We at nonlinear.ai love the cloud. That said, some of our customers can’t or don’t want to use the cloud for various reasons. Nevertheless they want to use their data in the best possible way. For these cases we propose on-prem solutions which make heavy use of various open source technologies. In fact most cloud providers use the exact same technologies under the hood of their products.
Our proposal makes use of industry best practices and solutions which are considered as de facto standards. Keep in mind that this is just one possible solution. Every company's demands, prior knowledge, resources and already existing systems differ. The prefered machine learning platform should be strongly tailored towards a particular company's needs.
Technology is just one side of the coin. Engineering culture and processes play an equally important role in order to become a successful data driven company.
A picture is worth a thousand words so here is our on-premises open source ML platform (click to enlarge):
Below you’ll find a brief summary of the single components and how they integrate with each other. Don’t hesitate to contact us if you would like to hear more details. We’re always happy to share our experiences.
Setting up and maintaining all of the mentioned solutions is a lot of work. Kubernetes can help to substantially reduce this complexity. Kubernetes also simplifies setting up continuous deployment and the GitOps workflow.
Besides source version control GitLab offers pipelines to quickly setup continuous integration and continuous deployment. On top of that you get artifact repositories, container registries and environment variables. GitLab also integrates very well with Kubernetes through the GitLab Kubernetes Agent which can be used to set up a pull based GitOps workflow. You might want to have a look at Argo CD and Flux for an alternative to the GitLab Kubernetes Agent.
Infrastructure as code has many advantages. It guarantees that multiple environments such as dev, stage and prod do not diverge and can be used to spin up testing environments on the fly. It helps reduce human errors and thus increases security.
Helm on the other hand can be briefly described as a package manager for Kubernetes. You’ll find Helm charts for almost all popular open source products. Helm therefore substantially simplifies setting up the technologies mentioned in this article.
All systems from APIs to machine learning models should log meaningful information. This allows us to trace down errors as well as inform us about the state of an application.
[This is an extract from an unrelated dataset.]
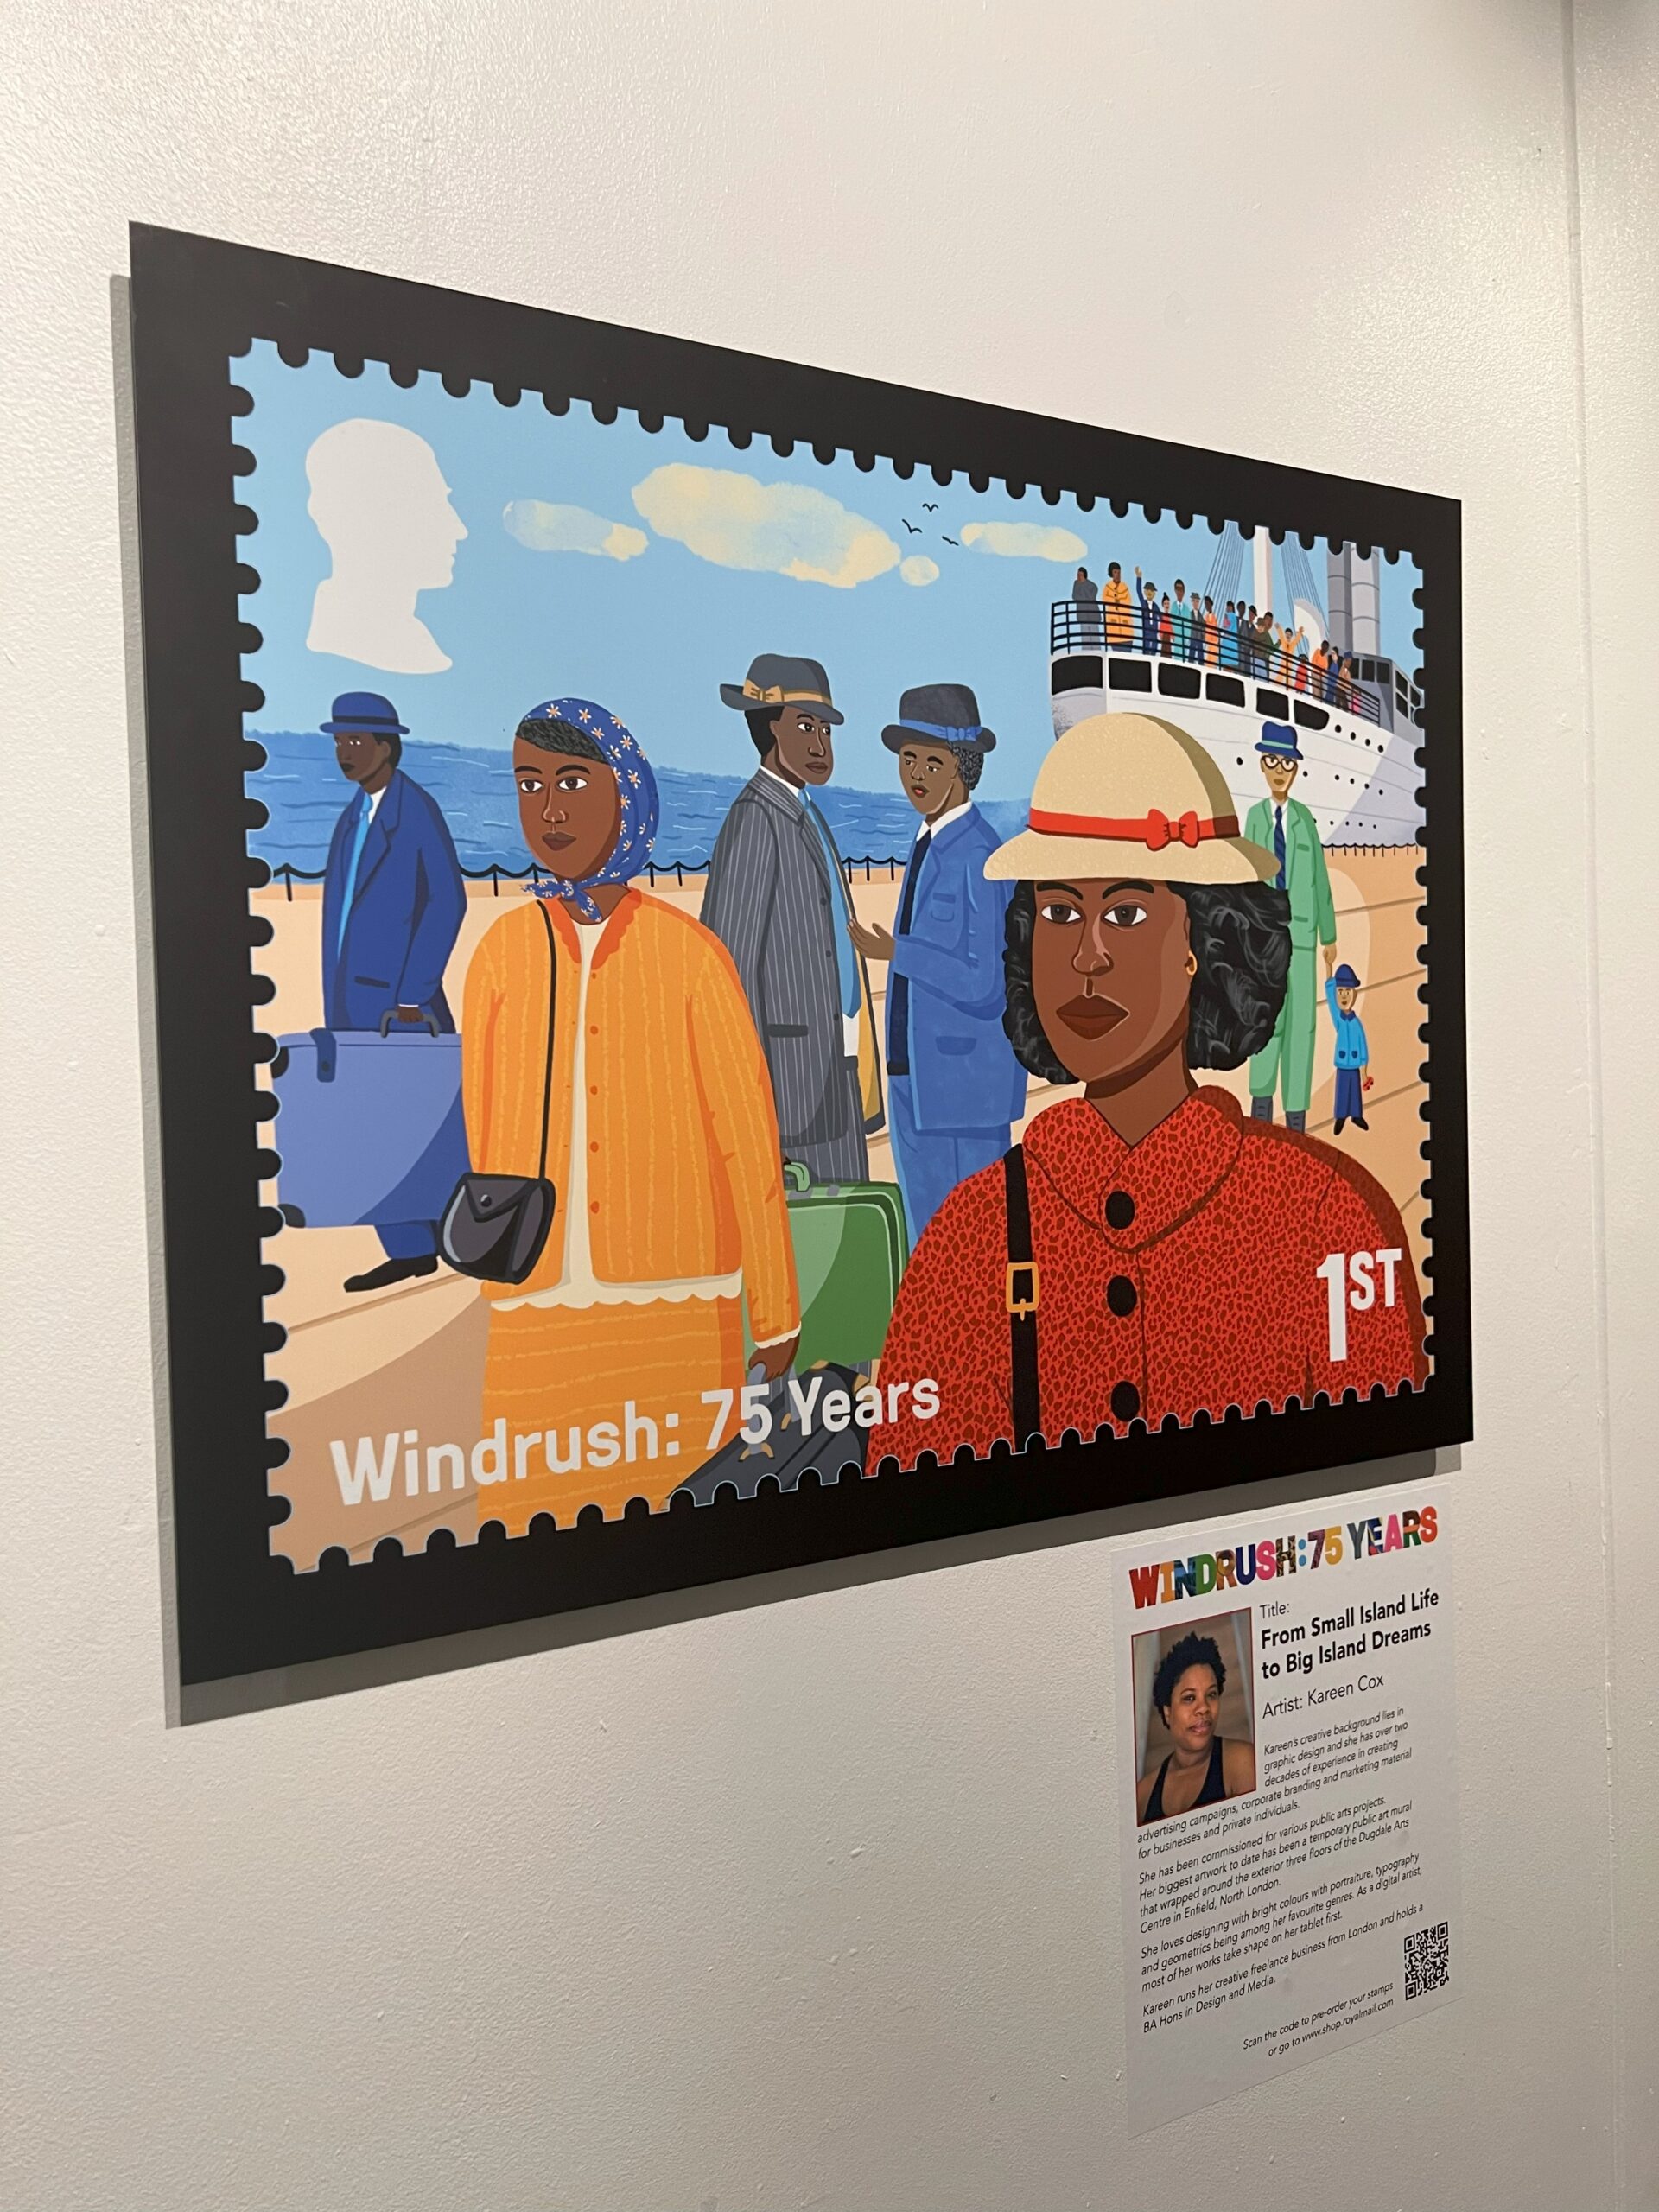 Design that shows Windrush migrants arriving in the UK aboard a ship: 'From Small Island Life to Big Island Dreams'

The Elastic Stack centralizes logs from various systems, indexes them and makes them accessible through a nice graphical user interface.
Applications in production need to be monitored for their health. This allows engineers to quickly act in case of or even before errors occur. Typical metrics for services are memory, disk and cpu utilization as well as access metrics such as the fraction of successful vs. faulty requests and the response latency.
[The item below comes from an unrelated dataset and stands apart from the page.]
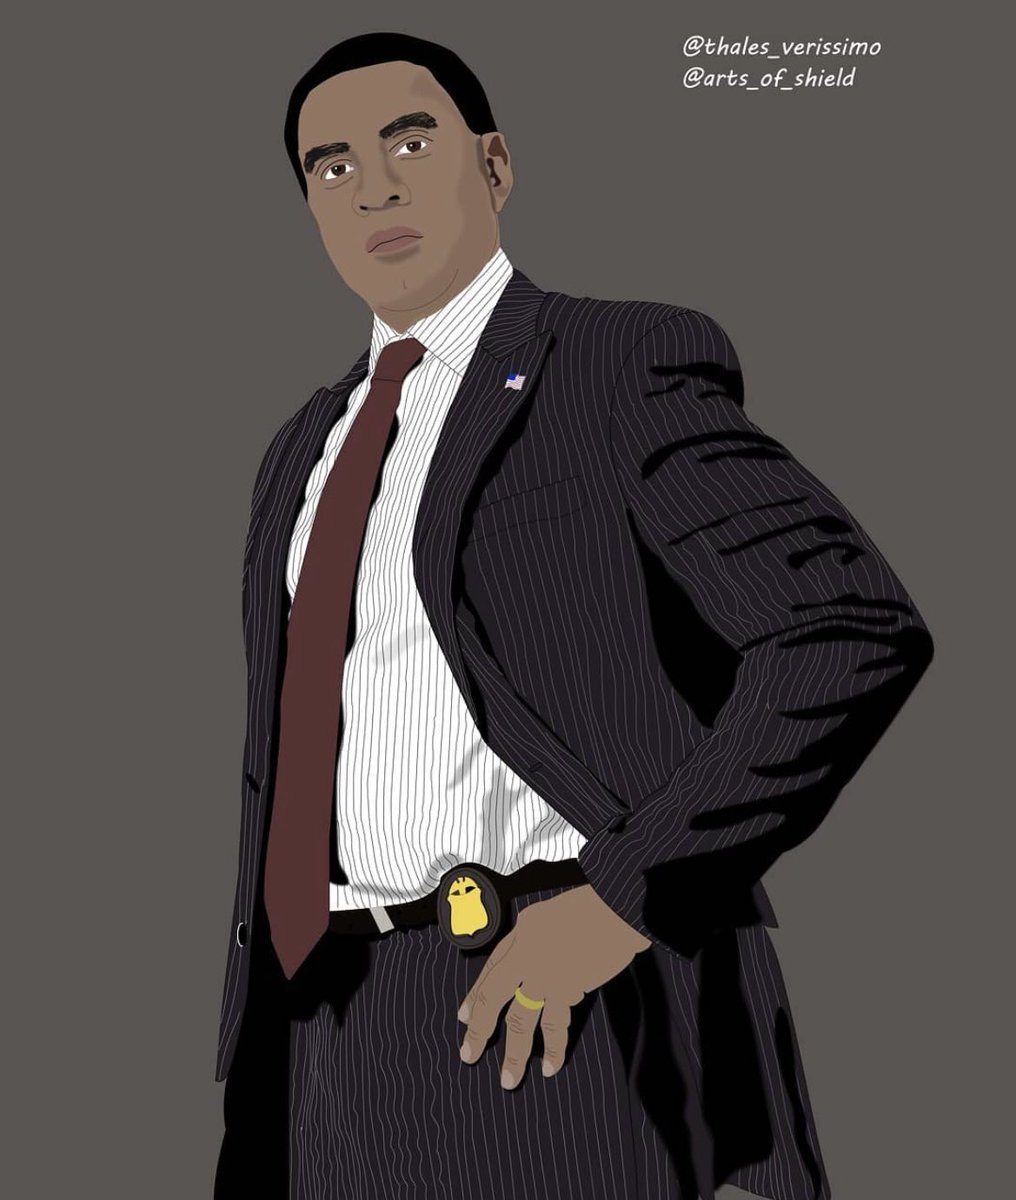 #FanArtFriday of Harold Cooper brought to you by @arts_of_shield. I hope everyone has a great weekend! P.S. Don’t forget to tune in to an all new episode of #TheBlacklist this Sunday.

Machine learning models in production need to be monitored, too. Metrics such as the fraction of positive or negative predictions or the mean and variance of feature columns help detect concept drifts and determine when to retrain a model.
Every application needs to handle secrets such as access credentials. For early stage companies GitLab’s environment variables may be a sufficient solution for handling those secrets.
Mozilla's SOPS is an alternative solution. It’s basically a tool to only encrypt the values of a key-value file. This makes the encrypted files still human readable and easily handable by git diff. The encrypted secrets can be stored as part of your source code and then decrypted at runtime.
For larger enterprises with more complex needs HashiCorp’s Vault may be an even better solution. It offers features such as dynamic secrets, a secret storage, identity plugins, detailed audit logs as well as the possibility to lease and revoke secrets.
A data driven organization needs to be able to experiment with their data as fast as possible. Jupyter notebooks became the de facto standard for this task. JupyterHub is an extension to manage multi user usage of Jupyter notebooks.
Building machine learning models means running a lot of experiments. MLFlow keeps track of used parameters and the resulting metrics of single experiments. It also acts as a model registry.
TensorBoard on the other hand can be used to monitor train metrics such as the value of the objective function over the training process.
Flask is a “micro” web framework and can be used to write backend prediction APIs. There are many more solutions which are equally suited for writing APIs. Flask’s advantage is that it’s a Python framework: most data scientists know Python and use Python frameworks to build predictive models. Model deployment thus becomes way easier in Python than in other languages.
Superset is a more traditional drag and drop solution based around SQL. It’s great for creating BI dashboards and analytical tasks.
Dash on the other hand allows writing rich, interactive frontend applications only using Python. Under the hood it's using other open source frameworks such as Flask, Plotly.js and React. Dash applications can therefore be fully customized.
Spark is a distributed data processing solution. It is therefore particularly suited for big data applications which either deal with large data sizes and / or high frequency of data.
However, most companies do not deal with big data (yet). For them Pandas is a more than valid solution which can be briefly described as a Python library for data processing.
Single data processing steps are usually combined into bigger data pipelines. These data pipelines can be modeled as directed, acyclic graphs. Airflow is a great tool to manage these pipelines and provides integrations to many popular data tools.